Ford Motor (NYSE: F ) has had a remarkable renaissance since the Great Recession. Under the leadership of Alan Mulally, the company has become consistently profitable. Moreover, Ford has been routinely surpassing a 10% pre-tax margin in North America recently, something that would have been unthinkable just a few years ago.
However, for the past two years, Europe has been Ford's Achilles' heel. Even as its North American profitability has soared, its European business went from roughly breakeven in 2011 to a massive $1.75 billion loss in 2012. Furthermore, at the beginning of 2013, Ford CFO Bob Shanks projected that the European loss would increase to around $2 billion in 2013, due to weak market factors and restructuring costs.
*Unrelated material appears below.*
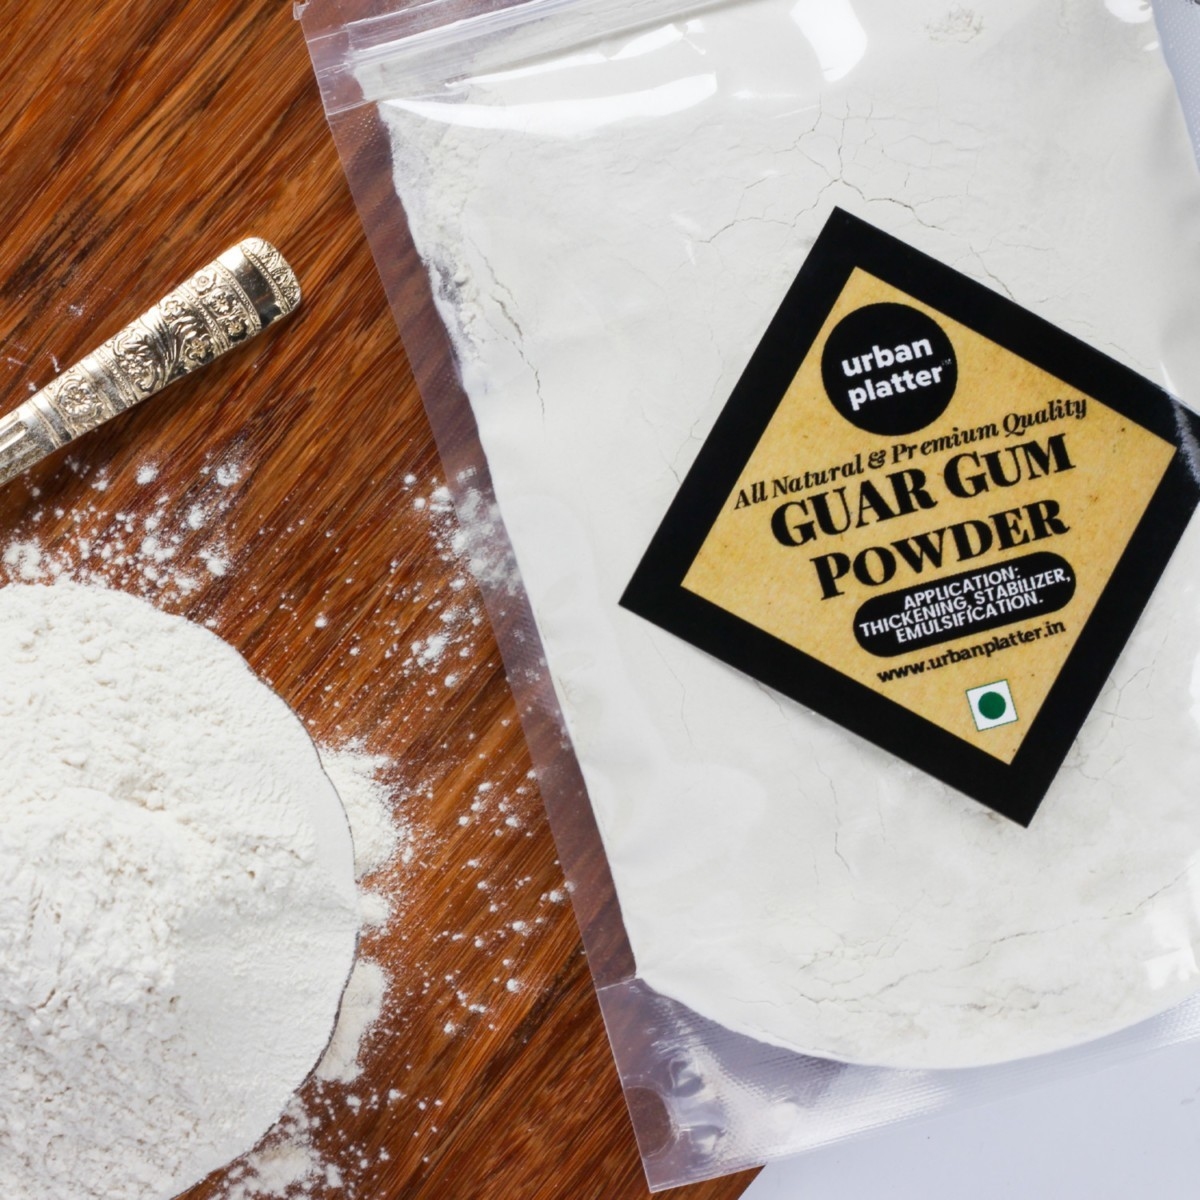 Urban Platter Guar Gum Powder, 1Kg (All Natural

Luckily, the dire outlook from early 2013 was a bit of an exaggeration. Ford has already made solid progress in its transformation plan, and it now expects to post a smaller pre-tax loss than last year's $1.75 billion figure. The company's goal of returning to profitability in Europe by 2015 is looking more and more realistic, which will be a huge driver of earnings growth between now and then.
After many quarters of contraction, the European auto market finally improved last quarter. This helped Ford achieve double-digit revenue growth in Europe. Ford executives now seem fairly confident that the European market has bottomed out. At the beginning of 2013, Ford forecasted industry sales in Europe at around 13 million vehicles, but the company now expects industry sales of 13.6 million vehicles this year.
Ford also has gained market share in Europe this year, largely thanks to a bunch of new products it had introduced. Its share of the retail market grew from 7% in Q3 2012 to 8.3% last quarter. These new products also helped Ford improve pricing last quarter, despite the competitive incentive landscape in Europe.
The result was a $240 million year-over-year improvement in European pre-tax profit, despite an additional $82 million of restructuring costs. These restructuring costs should go away by 2015, creating a natural earnings tailwind over the next two years.
Solid foundation for growth
Looking forward, Ford will have a much more manageable cost structure in Europe after it completes the closure of its factory in Genk, Belgium (which will occur at the end of 2014). It also closed two smaller factories in Great Britain earlier this year and moved production to larger, more efficient manufacturing plants.
At the same time, Ford is looking to accelerate its market share gains in Europe with a flood of new products. Last month, it committed to launching 25 new models in Europe in the five-year period beginning in September 2012. In other words, Ford wants to be ready with a fresh product line so it can gain market share during Europe's eventual recovery -- whenever that occurs. Ford's gains in the past year should give investors more confidence that this goal is achievable.
Ford's new frontier
While Ford still has exciting plans in the U.S., international markets are its biggest near-term opportunity. It has been growing rapidly in China, and it is now on the road to recovery in Europe. Getting Europe back to an acceptable level of profitability is worth billions of dollars in annual profit to Ford. Investors are likely to be quite pleased by its progress on that front over the next two to three years.